Sunday, June 28, 2009

Kona Marathon & Other Distances...


Today was my best day of racing since IM Japan (about a year ago). Not because I broke any record or set a best time (I was far from either), but because the same emotions I felt at IM Japan (and all the previous races) were with me today, I was enjoying sport again-A LOT, I was really happy to be part of something I love, and I "wanted" to be running, to be racing...

After IM Japan everything just got bumpy and rocky and junky... nothing to do with sport, it was the divorce. It had a larger impact on me then I was allowing myself to believe. I remember calling coach from the middle of a long ride telling him I can't even ride my bike, I have to get off now, my head is absent-in the clouds trying to save and fix something broken. Sport just stopped mattering to me. Some of my good friends use sport as an outlet-for me it 's a passion, something I can't use as an escape (I've tried), its something I do out of love. Most things I love (including sport) just took a long back seat as I went through the motions without care or thought.

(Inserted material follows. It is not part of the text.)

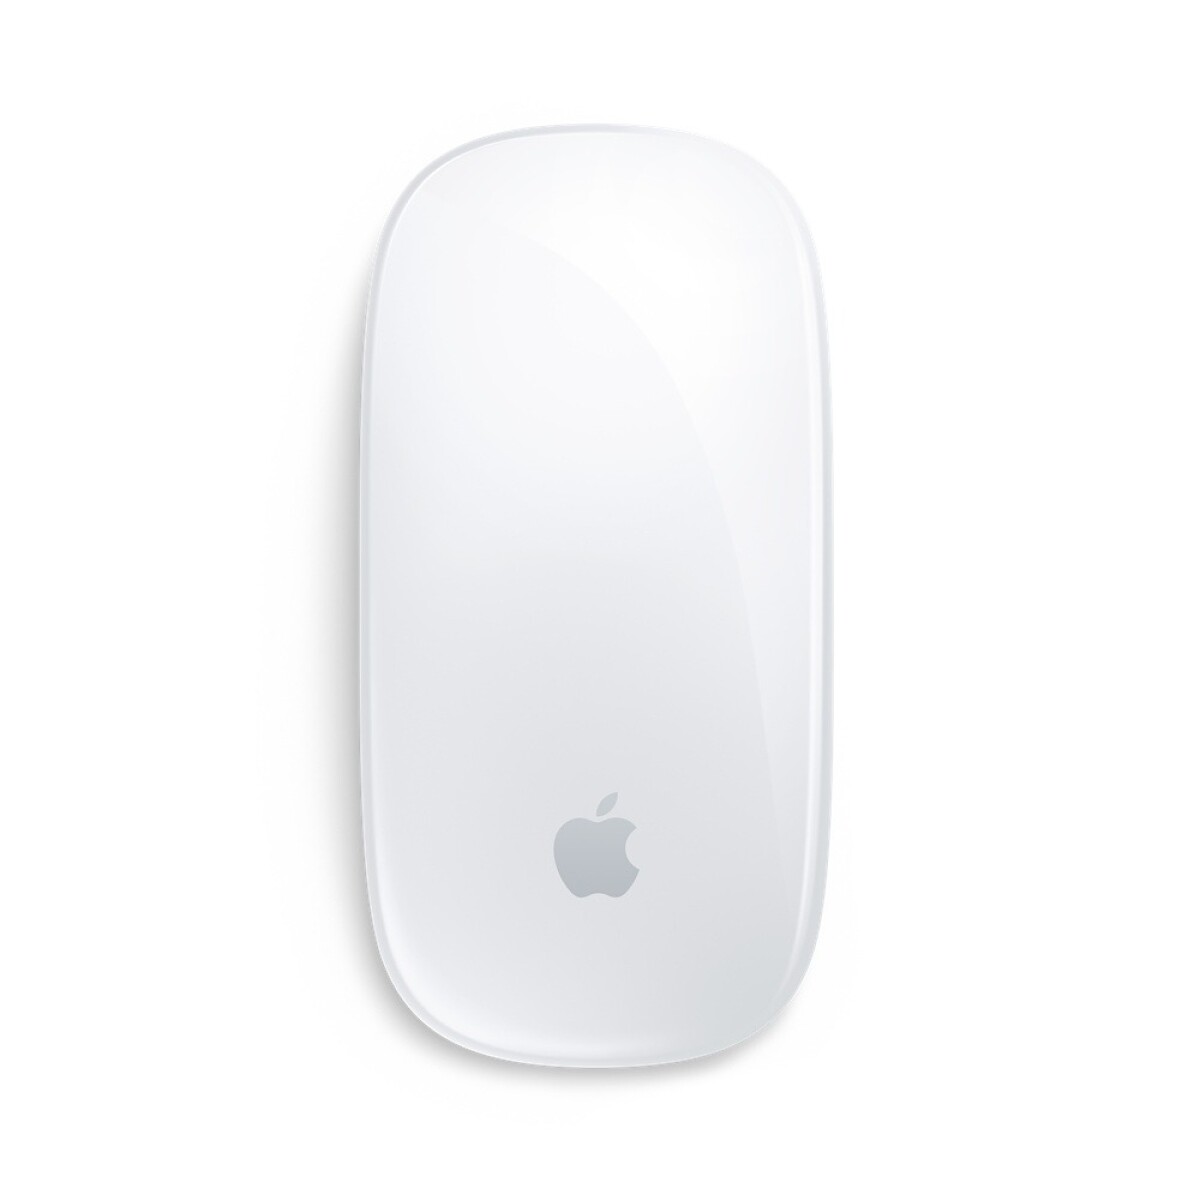 Apple magic mouse 2 - Silver

The past couple weeks I decided to let myself feel the sting, the shock, the pain. I decided to just take it and stop faking that everything was okay. It worked, I was able to face so many emotions and so many bad places that I didn't want to look at. Perhaps it was like all this time I was just putting a band aid on my injury rather then letting it heal. Today, running, it felt like I could breathe again.

After the race I was so excited to call coach (the past like 8 races I didn't call him till he called me). For the race he gave me just a couple things to think about, we knew I was not fit for this and that I was climbing out of an emotional-lack of confidence-dark hole. The goals were simple, have some fun, get the nutrition right, get the HR up, and think about my form all the way. Coach- this video is for you-I decided not to run with high elbows!

video

Brooke & Kainoa hung out on the corner of Kuakini & Palani snapping some fotos and laughing as we climbed the hill: Some of the Kona locals she snapped fotos of...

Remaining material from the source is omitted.